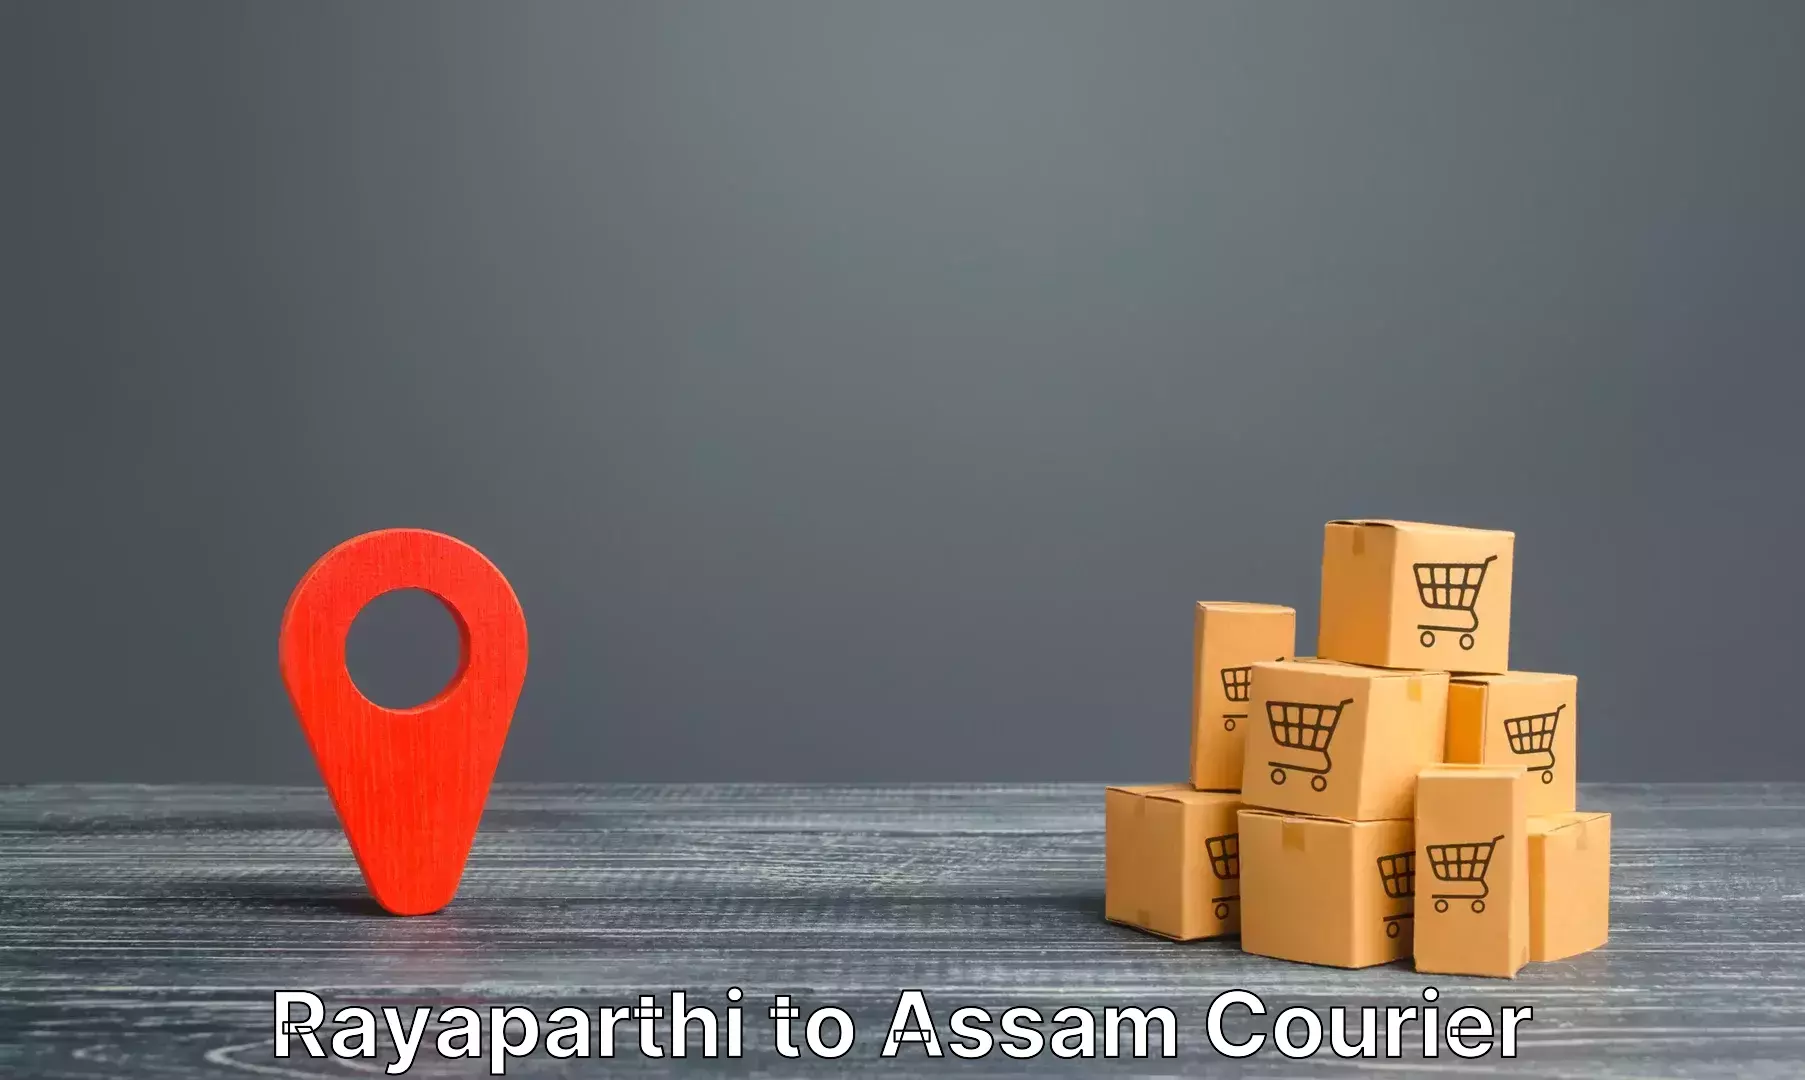 Luggage transfer service Rayaparthi to Baksha Bodoland
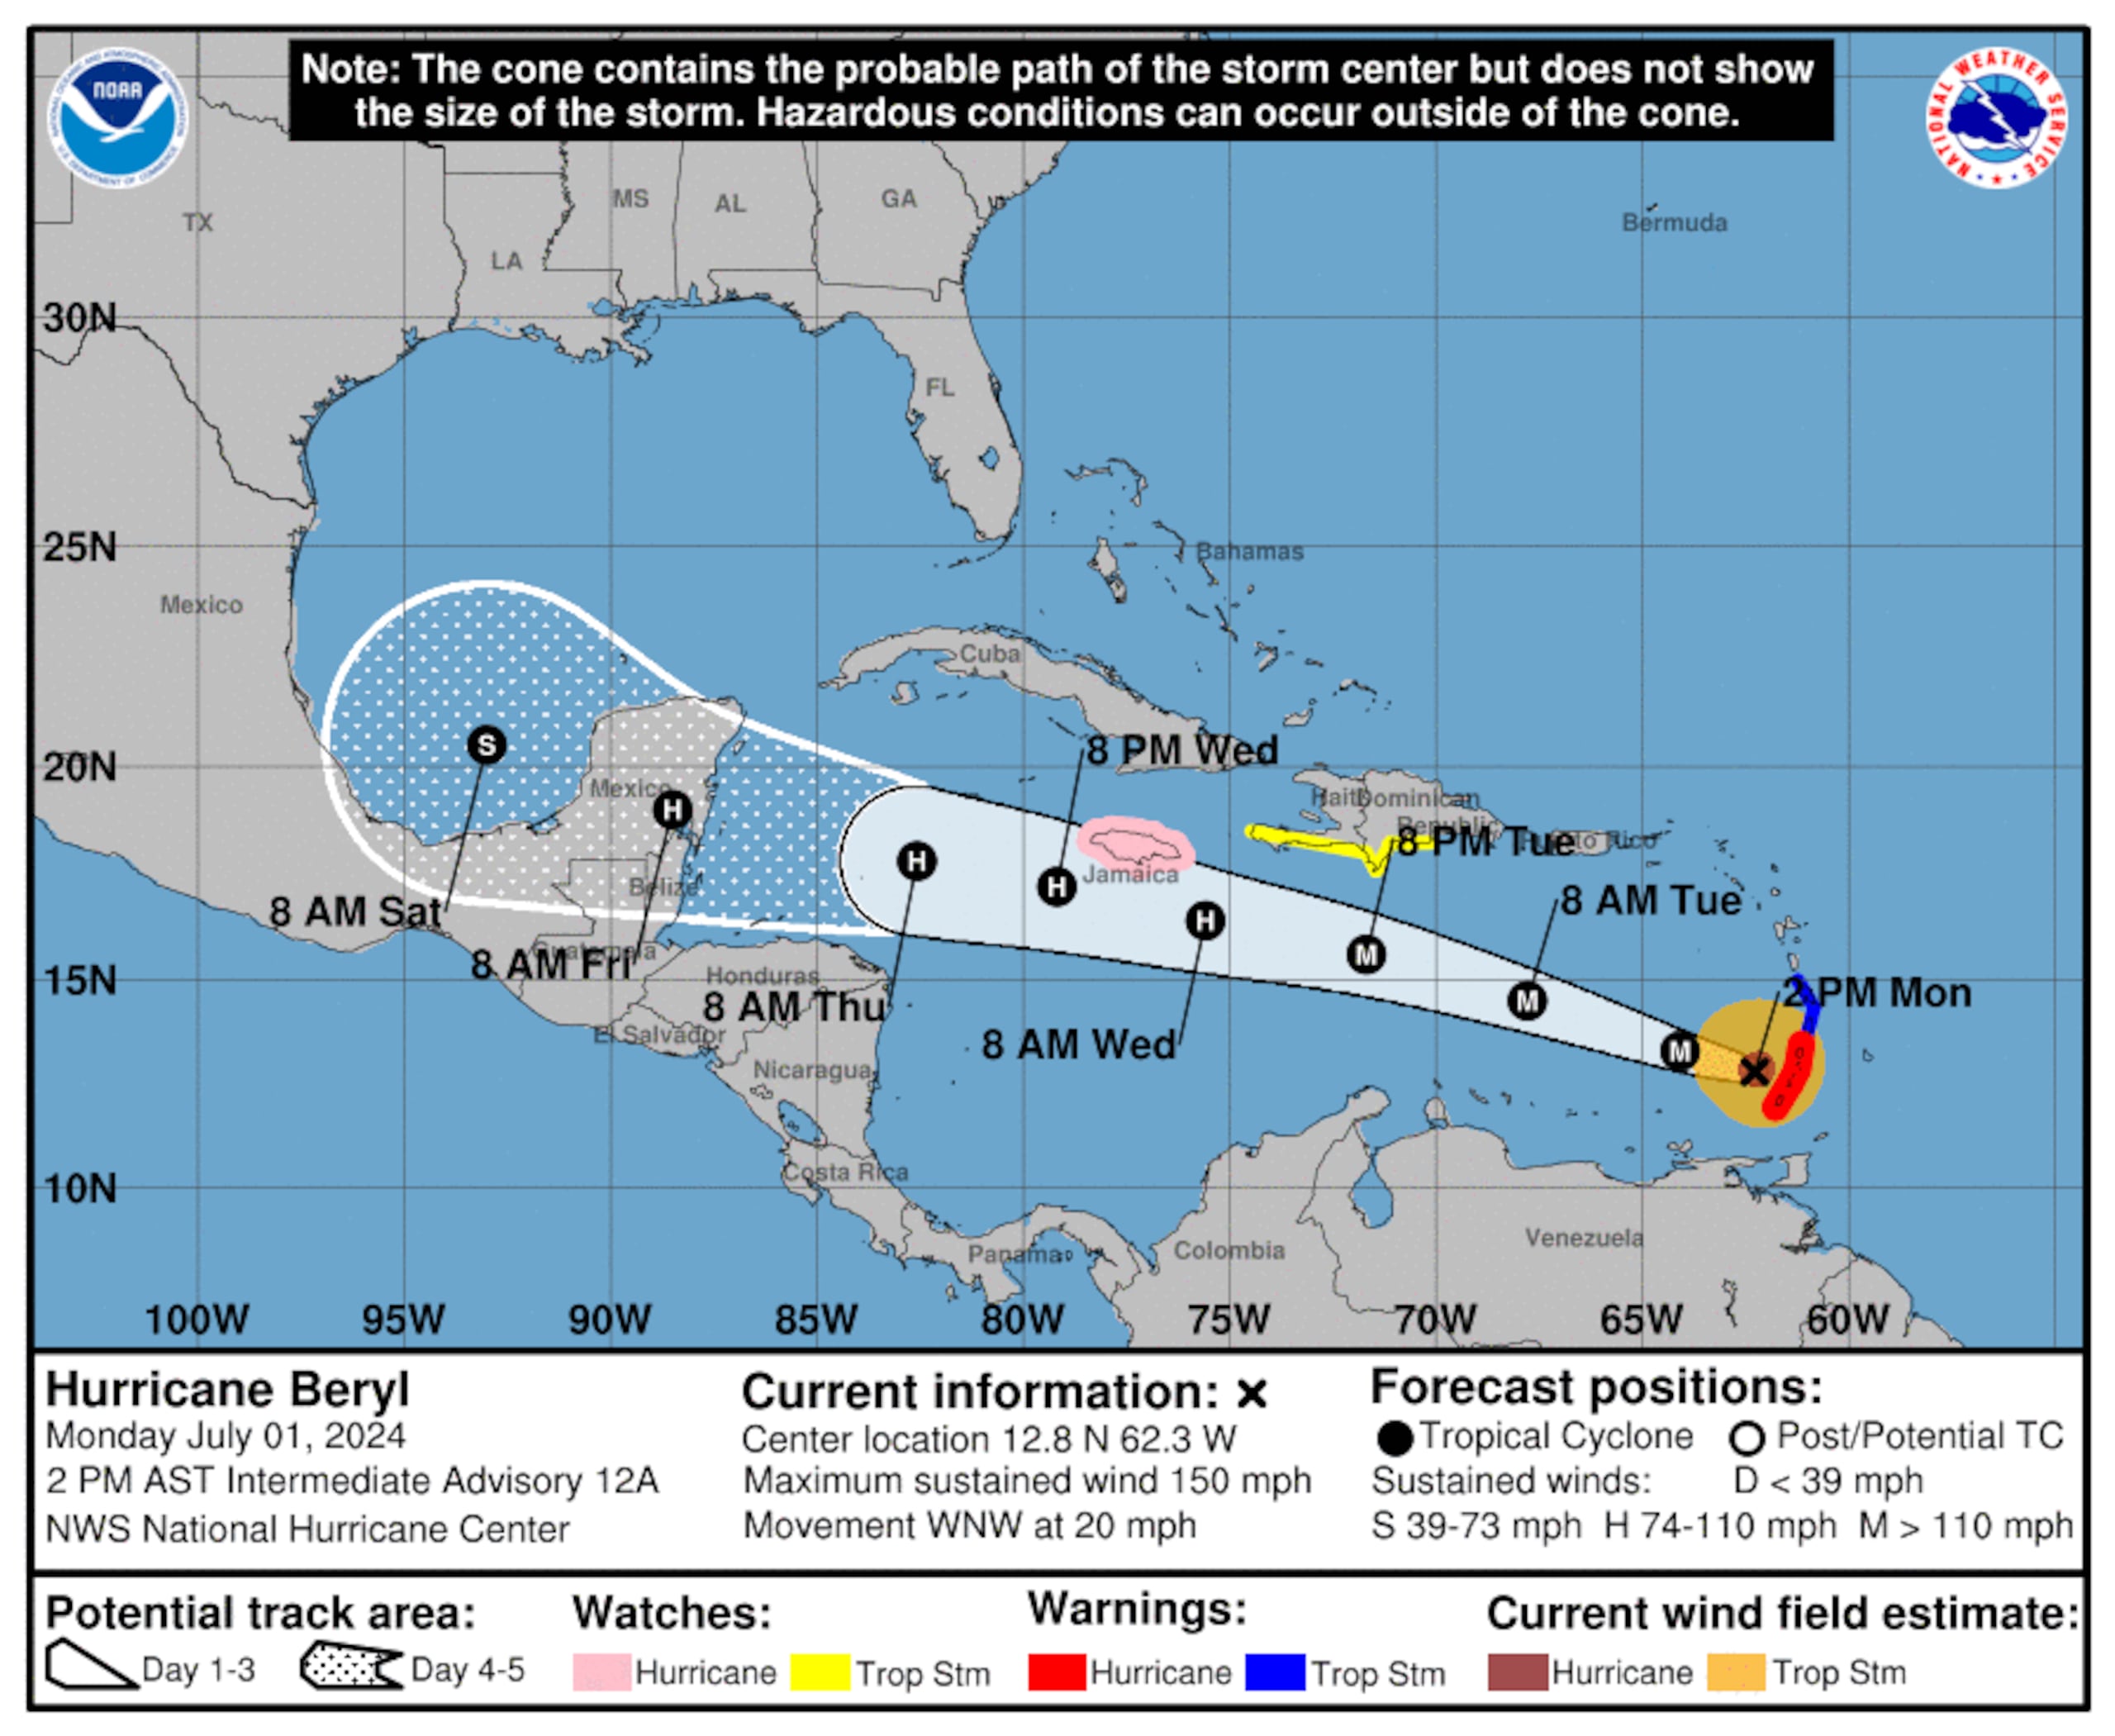 El huracán Beryl continuará su paso por las Antillas Menores hacia el oeste hasta llegar al Mar Caribe donde se espera disminuya su potencia, aunque continuaría como un huracán.
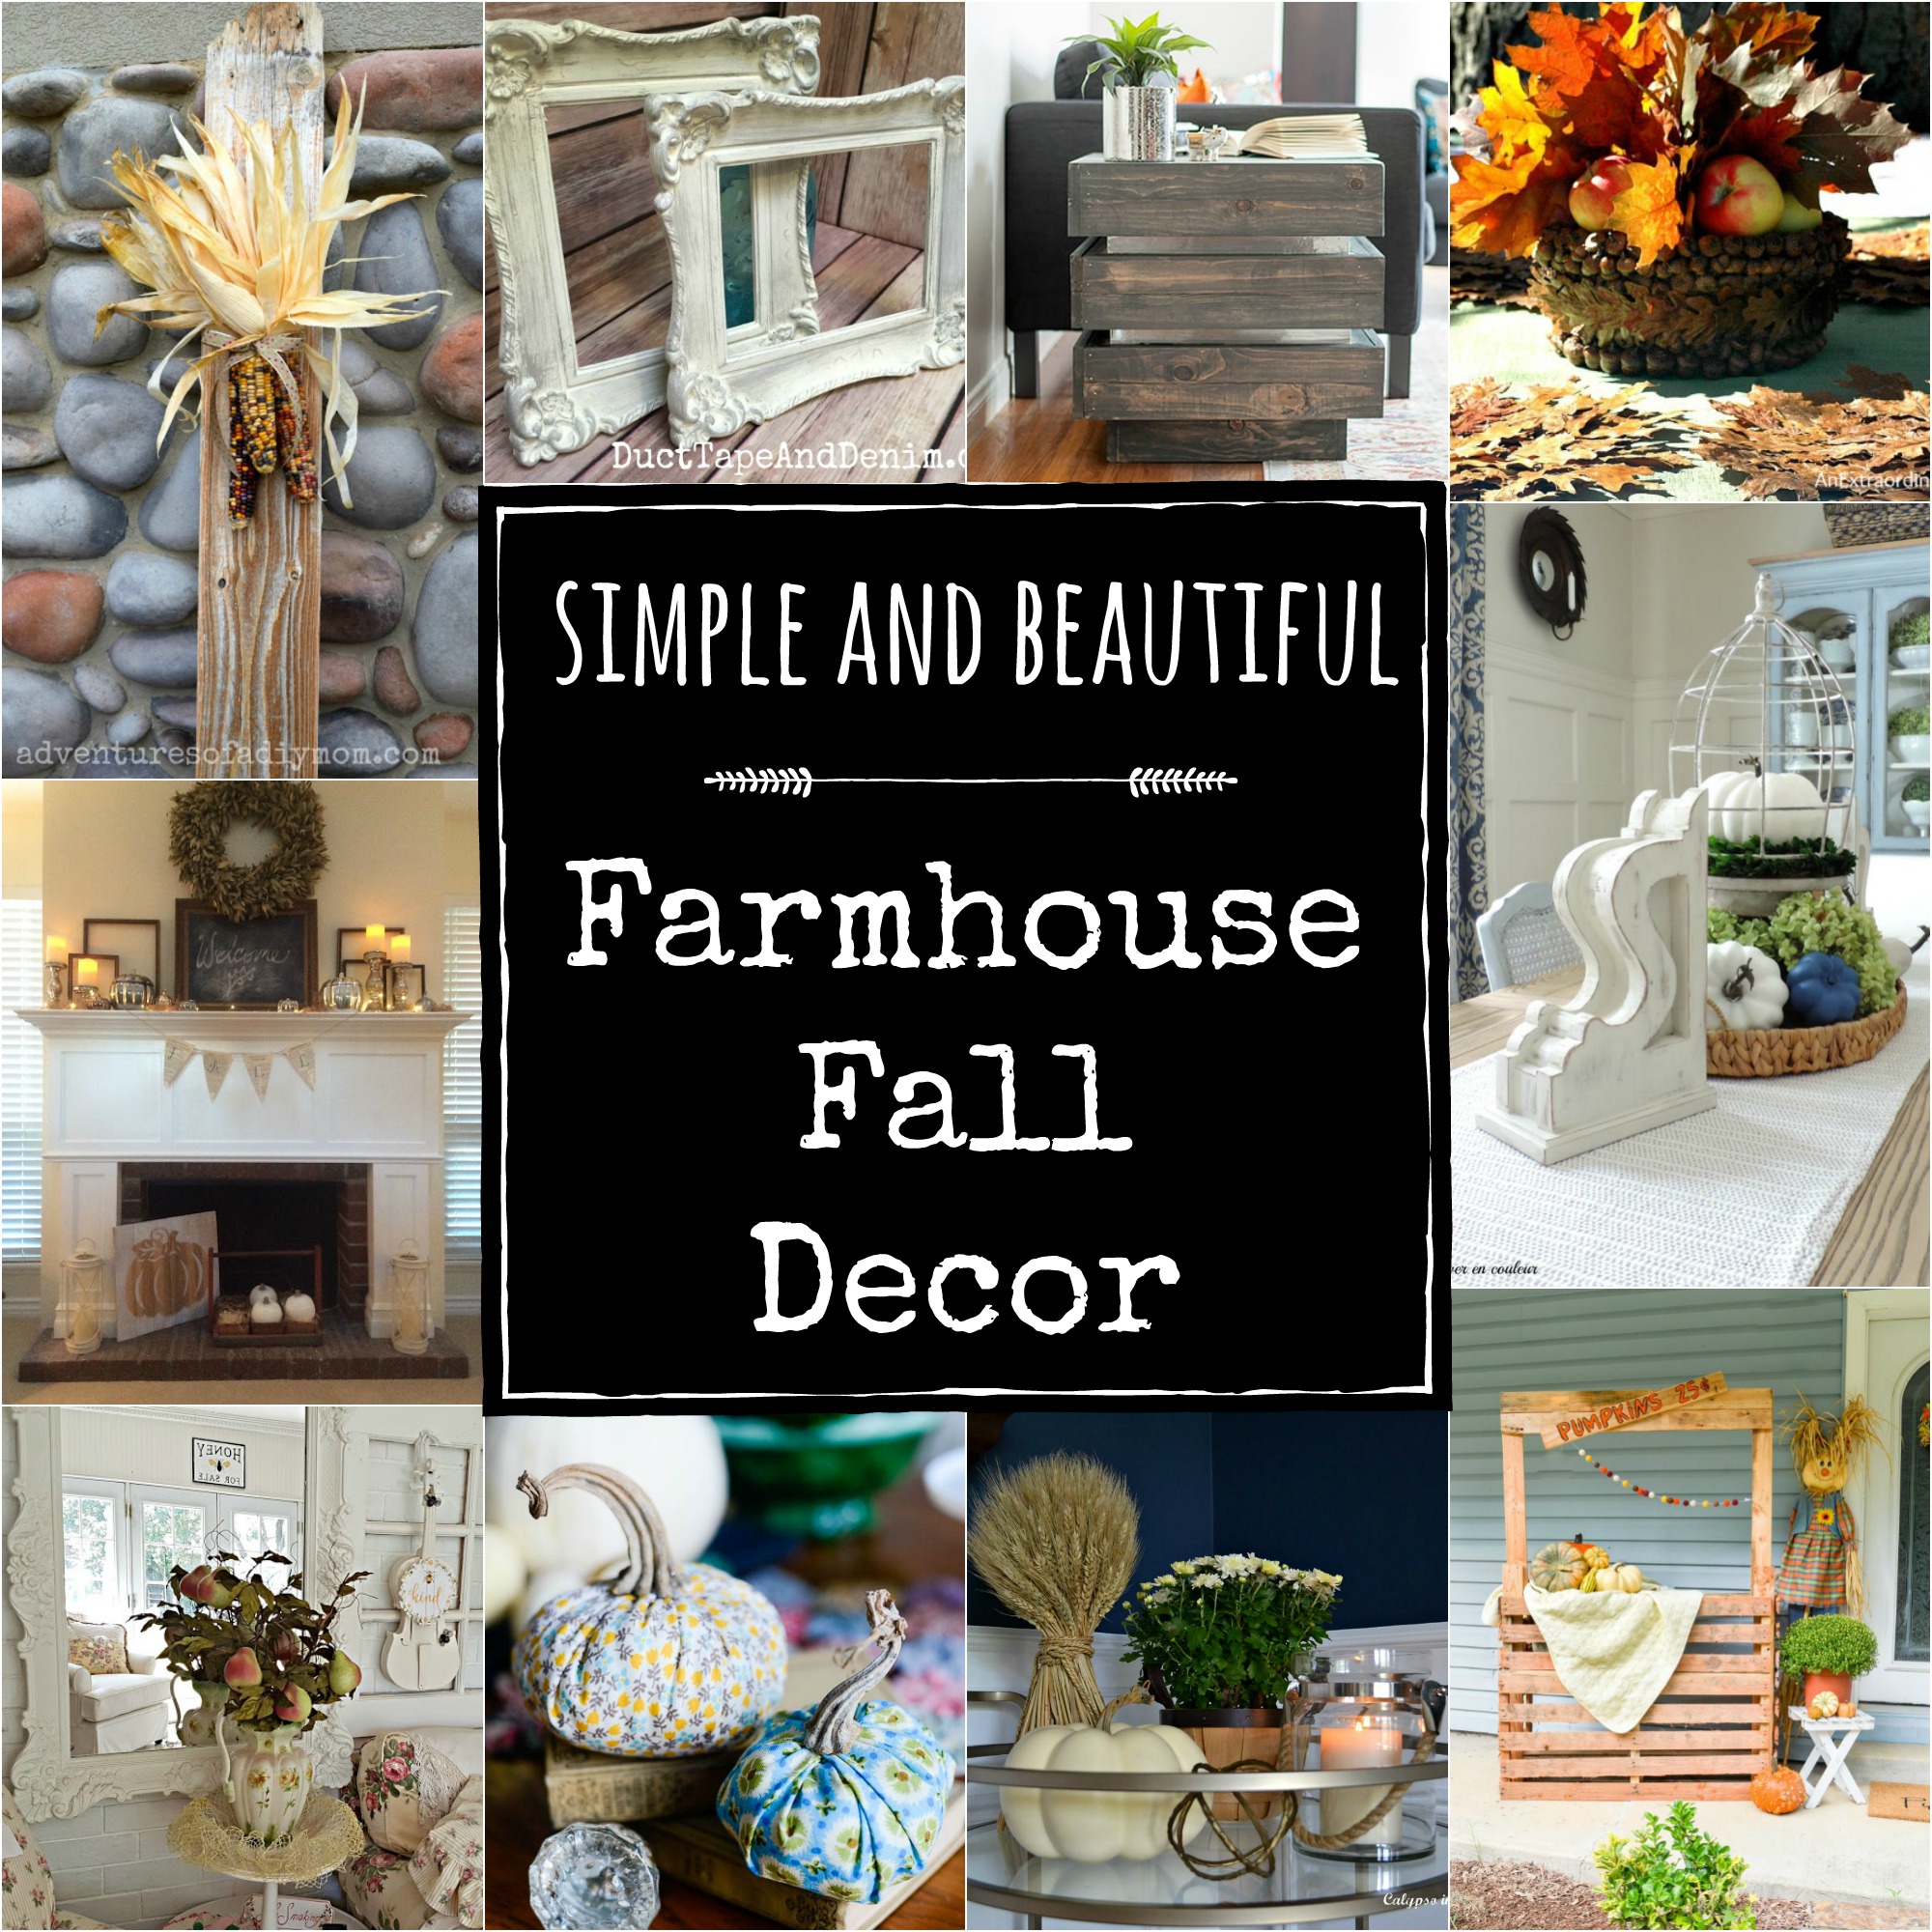 Simple and Beautiful Farmhouse Fall Decor

**Assignment**: Without including a single picture, restate all of the data word for word.

**Response**:
 Luggage transfer service Rayaparthi to Baksha Bodoland
 El huracán Beryl continuará su paso por las Antillas Menores hacia el oeste hasta llegar al Mar Caribe donde se espera disminuya su potencia, aunque continuaría como un huracán.
 Simple and Beautiful Farmhouse Fall Decor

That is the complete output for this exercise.